Universal Scalability in Declarative Program Analysis (with Choice-Based Combination Pruning)
Anastasios Antoniadis, Ilias Tsatiris, Nevill Grech, Yannis Smaragdakis
TL;DR
The paper tackles scalability in declarative program analysis by addressing the uncontrolled growth of results in Datalog-based analyses. It introduces Choice-Bound, a simple and universal technique that extensions non-deterministic choice to multiplicity bounds via a counting field and a hash-based identifier, parameterized by $N$. Applied to large frameworks such as Doop and Symbolic Value-Flow (symvalic) for Ethereum, Choice-Bound delivers substantial performance improvements—often exceeding an order of magnitude ($>10\times$)—while incurring only modest completeness loss.
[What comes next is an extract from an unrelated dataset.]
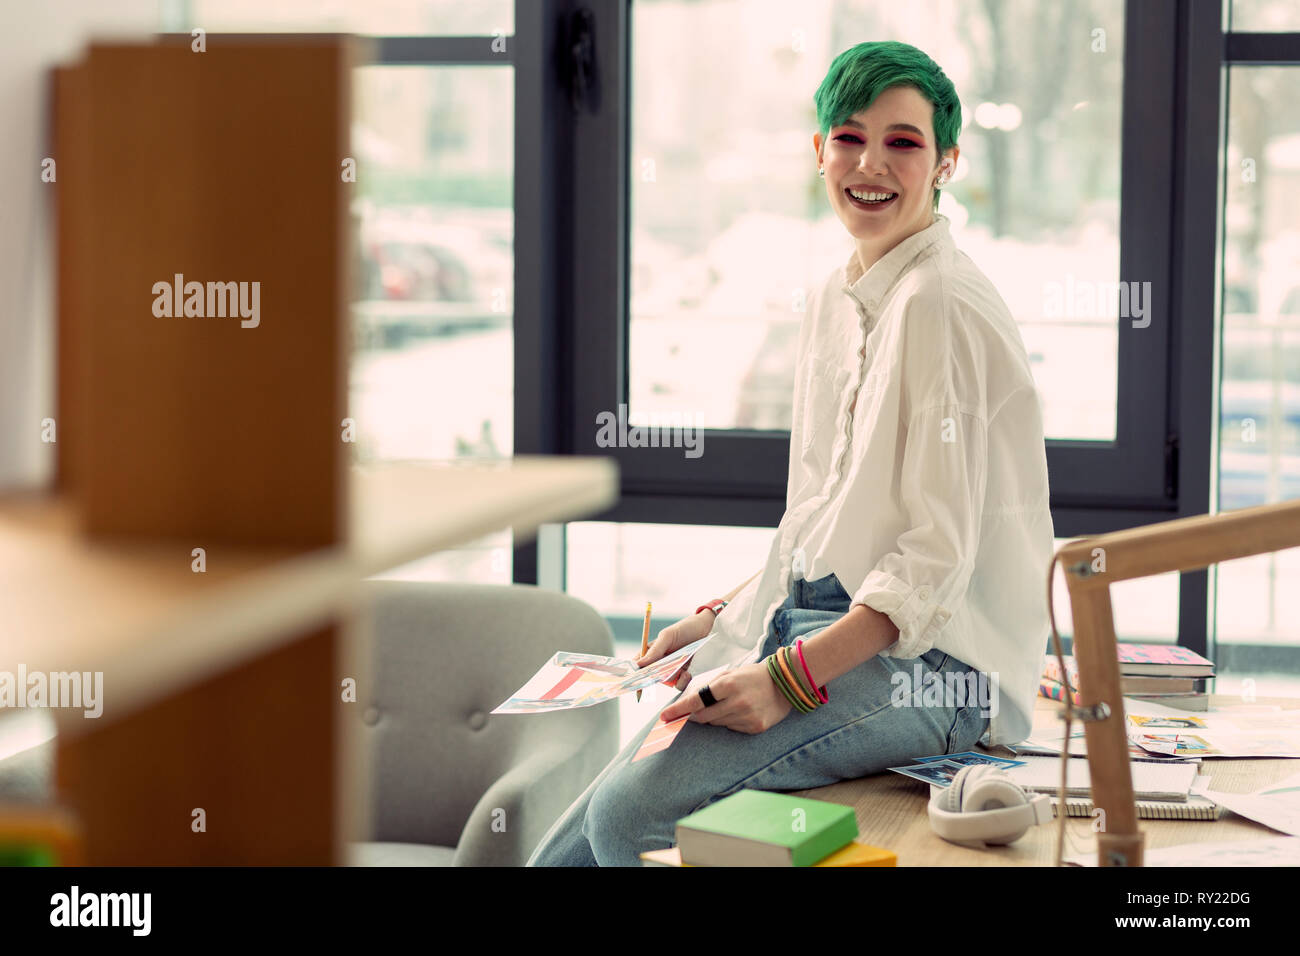 Cheerful positive nice woman being at work Stock Photo
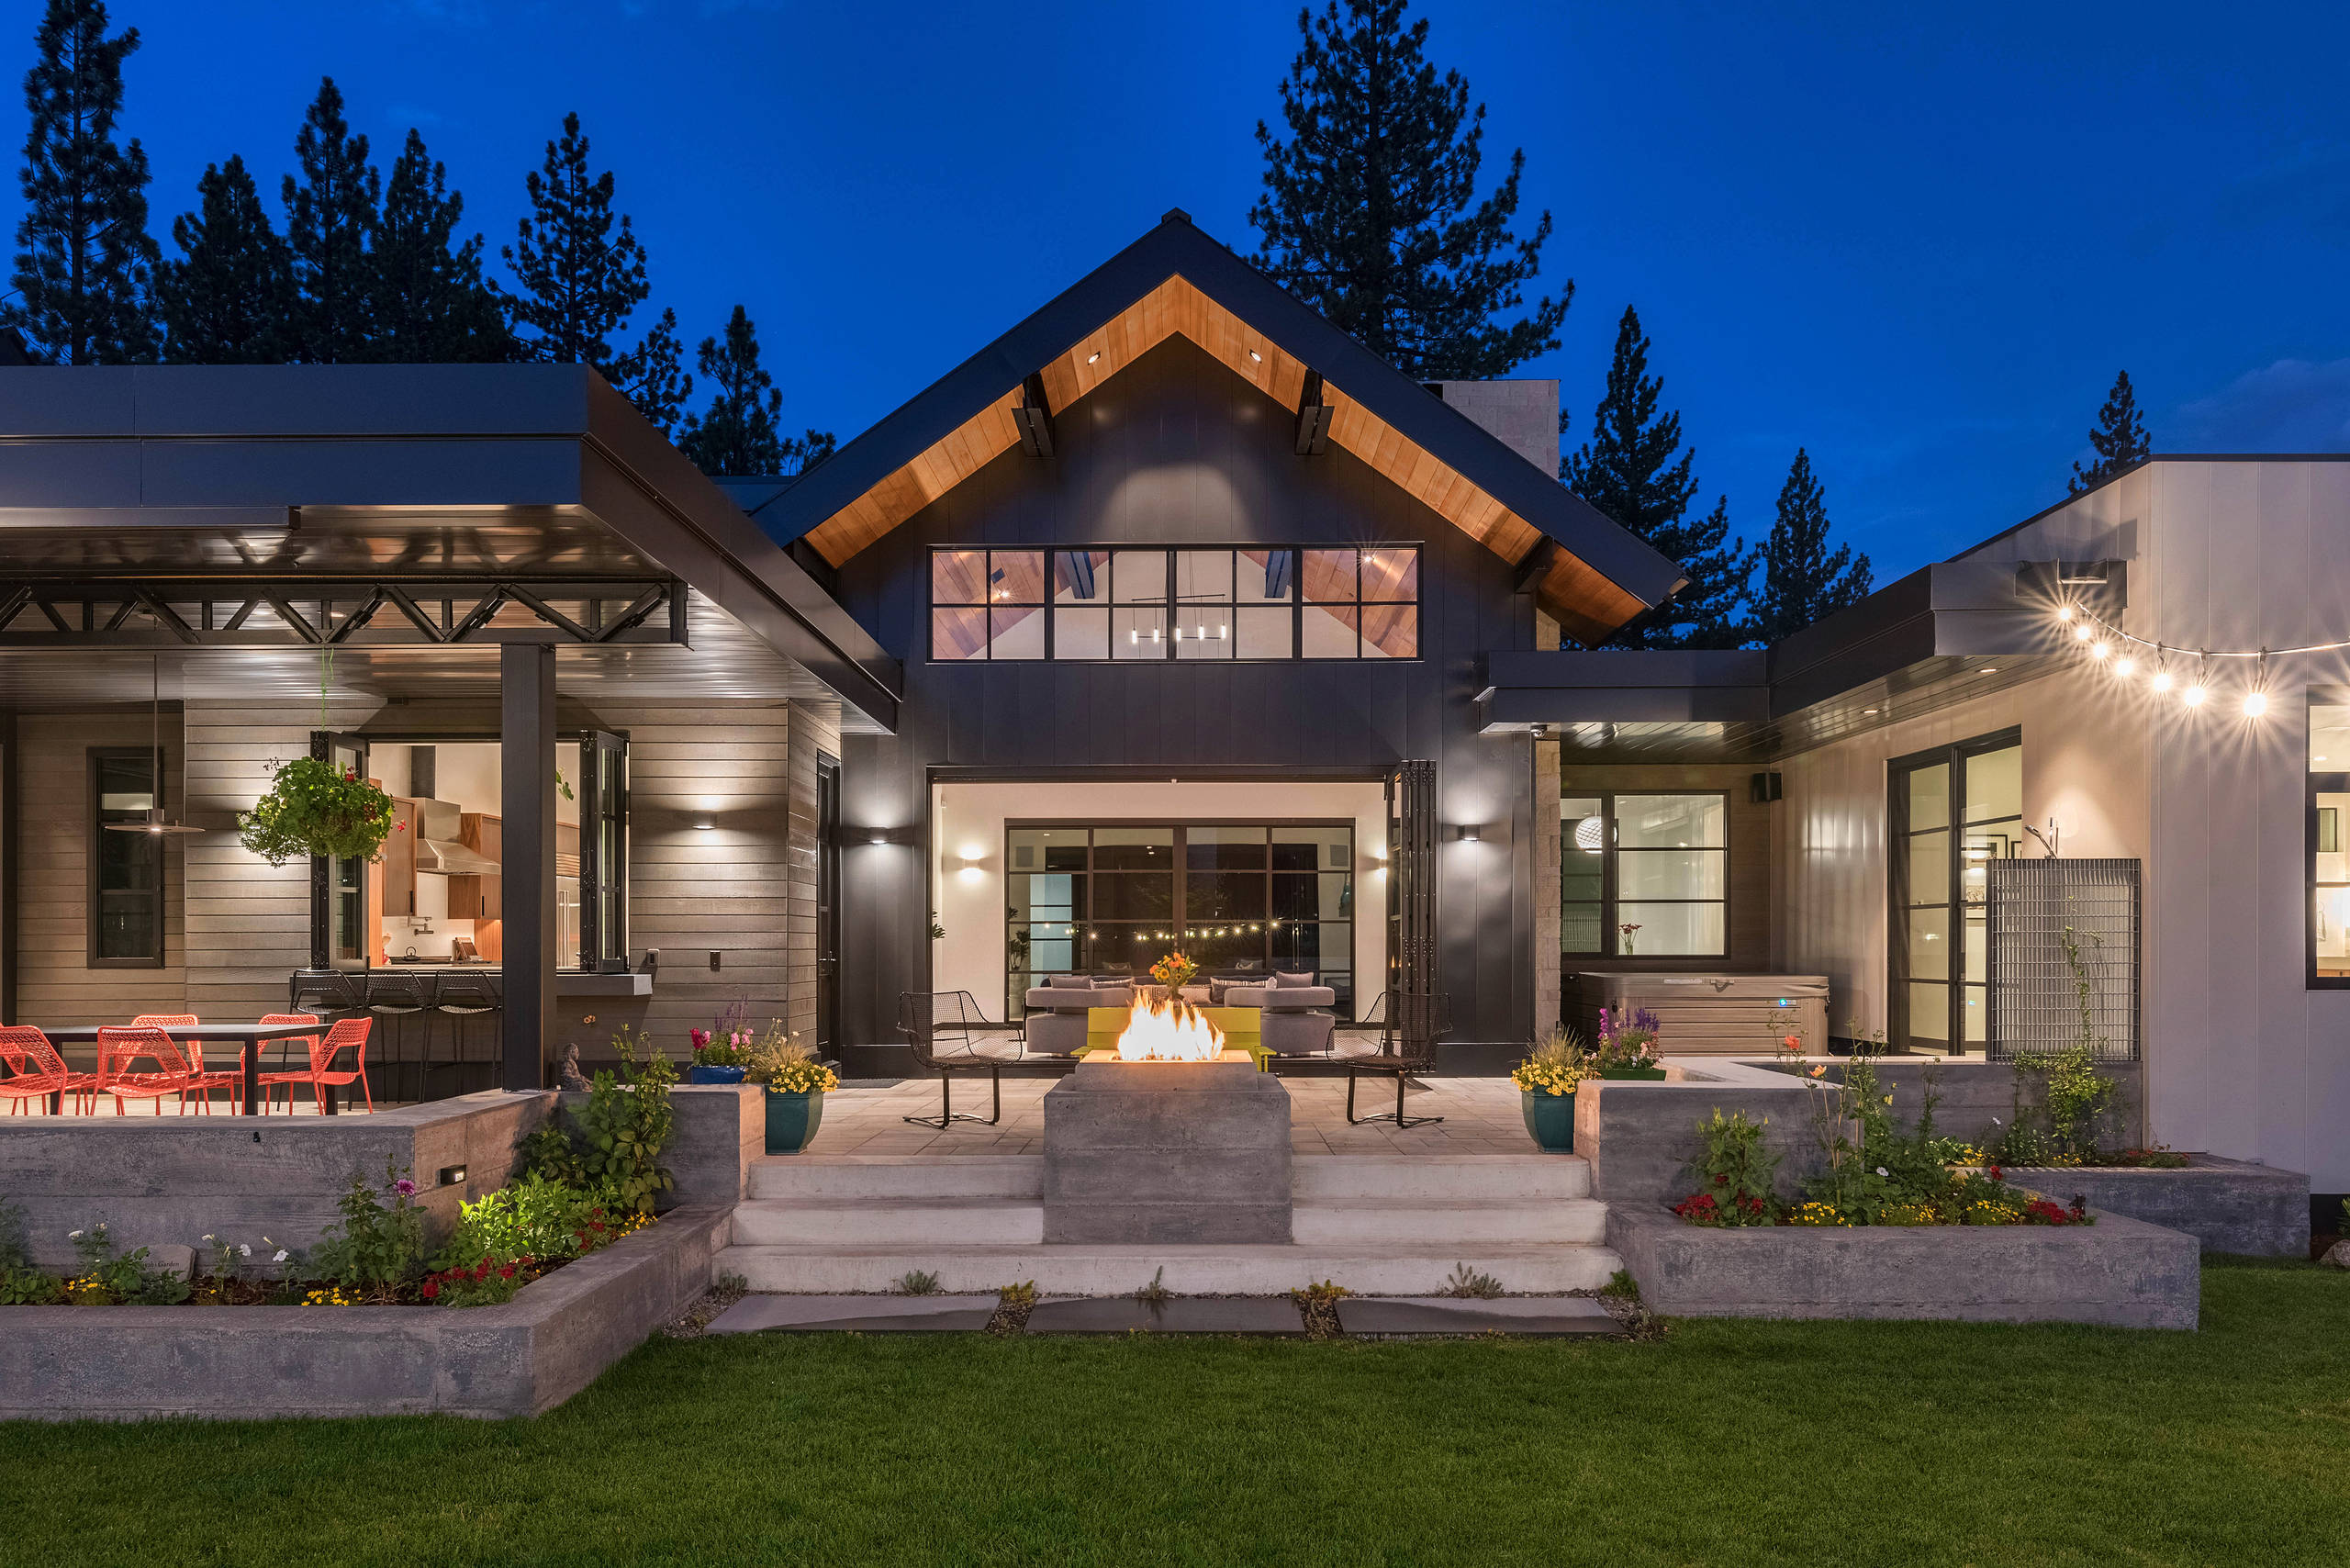 75 Modern Exterior Home Ideas You'Ll Love - May, 2023 | Houzz

The approach yields a flexible design space for tuning precision vs. performance and demonstrates practical impact by enabling previously intractable analyses to run within reasonable time and resources.
Abstract
In this work, we present a simple, uniform, and elegant solution to the problem, with stunning practical effectiveness and application to virtually any Datalog-based analysis. The approach consists of leveraging the choice construct, supported natively in modern Datalog engines like Soufflé. The choice construct allows the definition of functional dependencies in a relation and has been used in the past for expressing worklist algorithms. We show a near-universal construction that allows the choice construct to flexibly limit evaluation of predicates. The technique is applicable to practically any analysis architecture imaginable, since it adaptively prunes evaluation results when a (programmer-controlled) projection of a relation exceeds a desired cardinality. We apply the technique to probably the largest, pre-existing Datalog analysis frameworks in existence: Doop (for Java bytecode) and the main client analyses from the Gigahorse framework (for Ethereum smart contracts). Without needing to understand the existing analysis logic and with minimal, local-only changes, the performance of each framework increases dramatically, by over 20x for the hardest inputs, with near-negligible sacrifice in completeness.